# Data records:
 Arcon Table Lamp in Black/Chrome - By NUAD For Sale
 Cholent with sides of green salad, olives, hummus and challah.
* * *
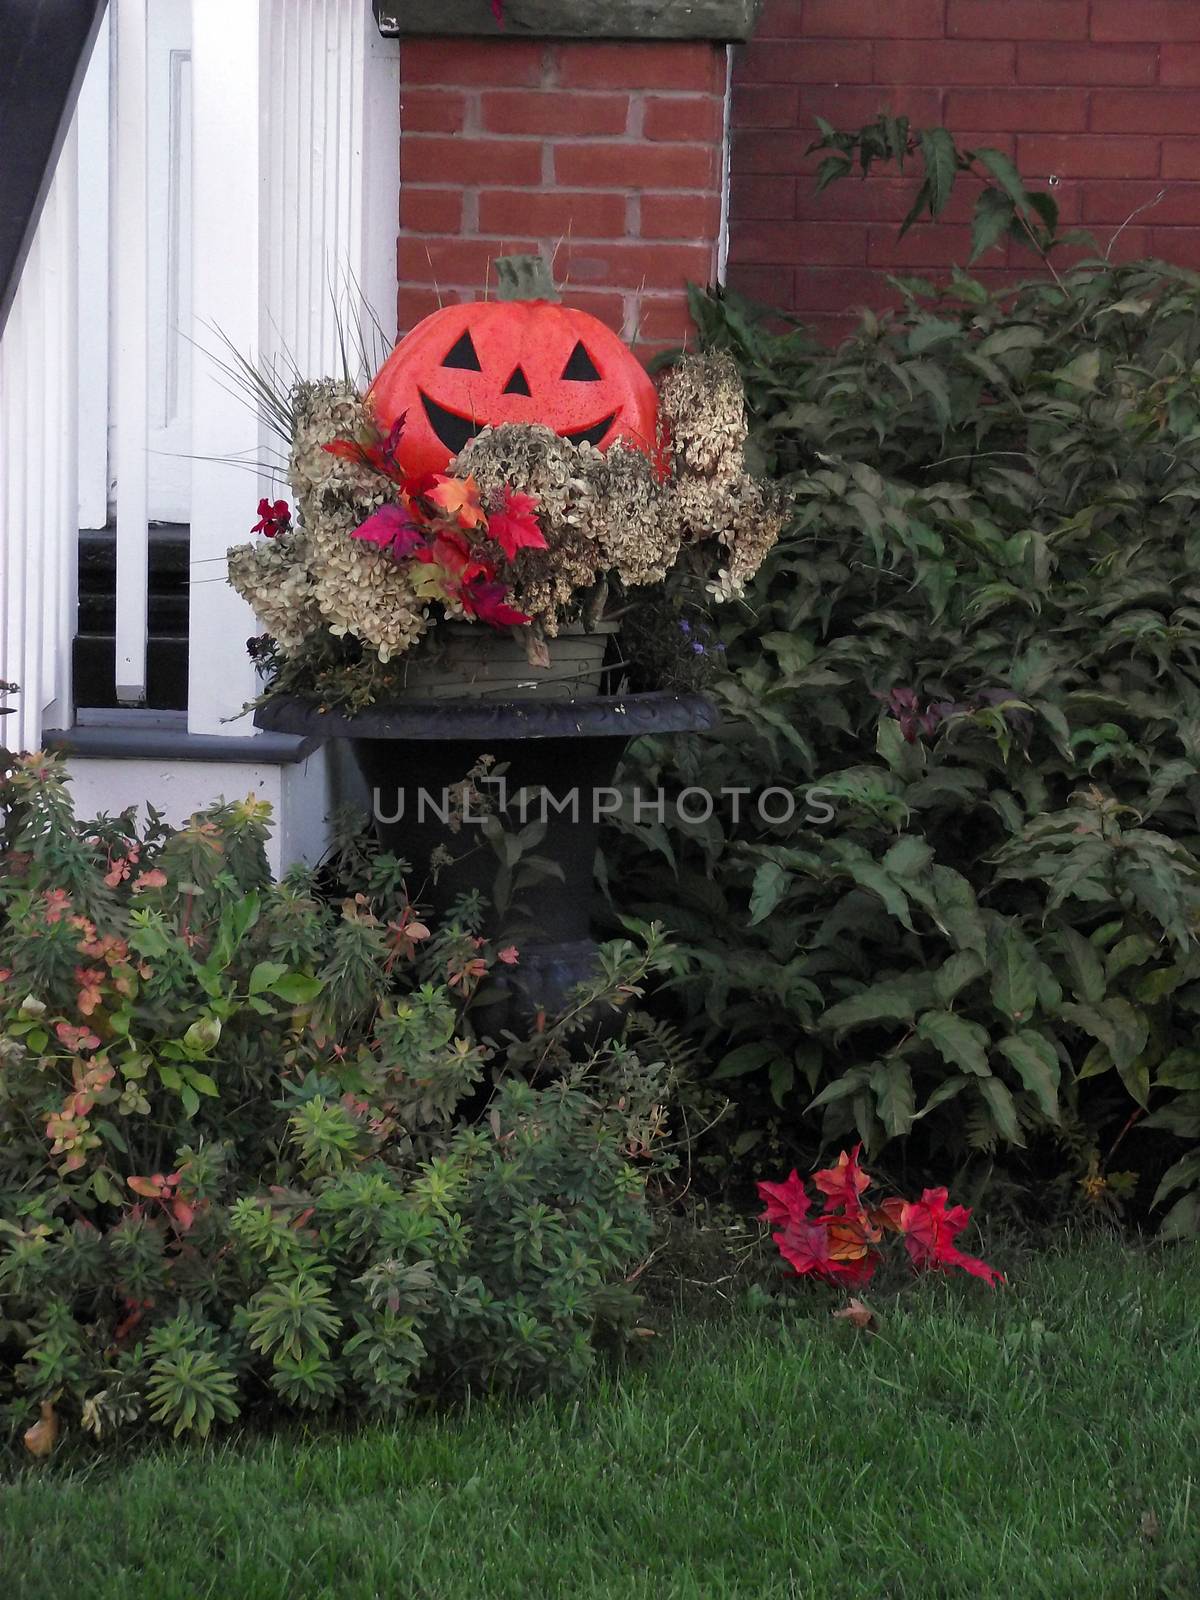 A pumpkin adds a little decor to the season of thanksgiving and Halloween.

# Your instructions:
Scan the entries above for the line containing "Arcon Table Lamp", and copy it and all lines after it exactly, down to and including the line containing "Cholent with sides".

# Output:
 Arcon Table Lamp in Black/Chrome - By NUAD For Sale
 Cholent with sides of green salad, olives, hummus and challah.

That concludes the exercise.